I never want to present our situation as any more or less than it is. There are those whose journeys have been much more tragic and heartbreaking than our own. There are those whose children seem to come out of horrible situations relatively unscathed given what they’ve lived. I don’t share everything. Not even close because I want to make sure that I protect my precious girl as much as possible. I want to fight for adoptions and family preservation and orphan care, and I want to share our daughter’s story. But I want to be sure I do it without setting my child up as the poster child for any of it. It’s a fine line to walk, and one I’m still learning.

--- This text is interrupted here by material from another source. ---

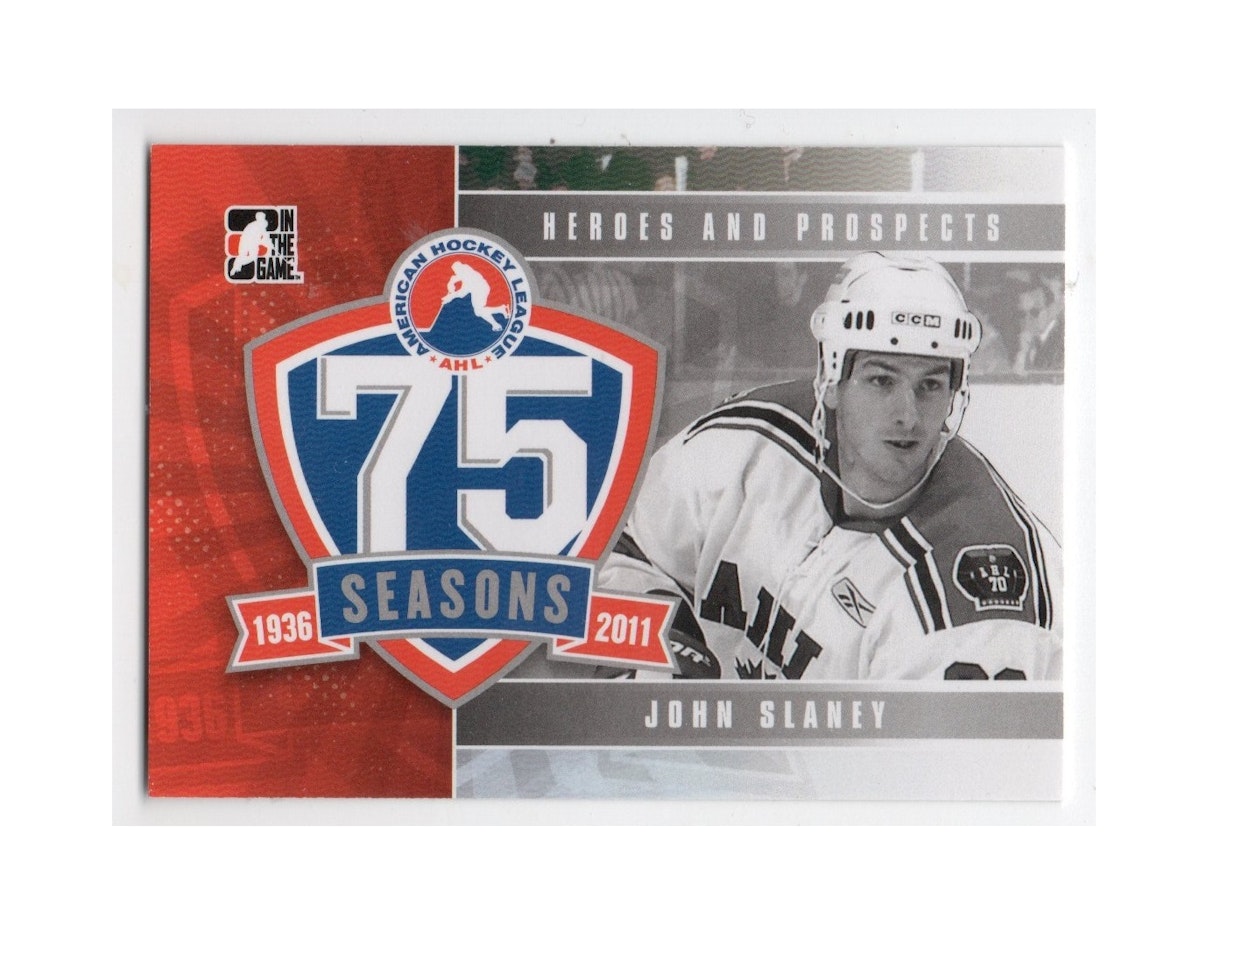 2010-11 ITG Heroes and Prospects AHL 75th Anniversary #AHLA17 John Slaney (20-X147-OTHERS)

I, also, never want to present myself as some sort of perfect savior. I’m far from it. I often say that I’m an ordinary person called to do extra-ordinary things by an extraordinary God. What I do want is for people to be aware. To be aware that it’s not perfect or easy, but our kids are so worthy. Not everyone is called to adopt, but we are all called to do something. Maybe, you can support adoptive parents through financial gifts, meals when they’re first home, a listening ear when they’re struggling. Maybe you can foster. Maybe you can provide respite. Maybe you can give to organizations that help these children. Maybe you can adopt.
I’m going to wrap up this, unintentionally, long post by giving you three places, that I trust and believe in deeply, to which you can give financially if you feel so inclined. Next Tuesday is giving Tuesday, and I’m going to ask that you find some way to give back. It doesn’t have to be here. It doesn’t have to be with money. Just find some way to help these children around the world.
All God’s Children International – our adoption agency that also works to prevent families from being torn apart, provides for orphans, prepares those aging out for life outside the institution, places children in homes, and works to change policy in countries throughout the world.
Lost Sparrows – works to stop the flow of children into institutions. To help families care for their children as well as training caregivers to properly care for the kiddos that do come into care.
Trulight 127 Ministries – Trulight is a local ministry that works with foster children in our area. In addition to giving financially, which I know is always welcome, if you live in the Central Texas area there are always opportunities to serve and give in other ways as well.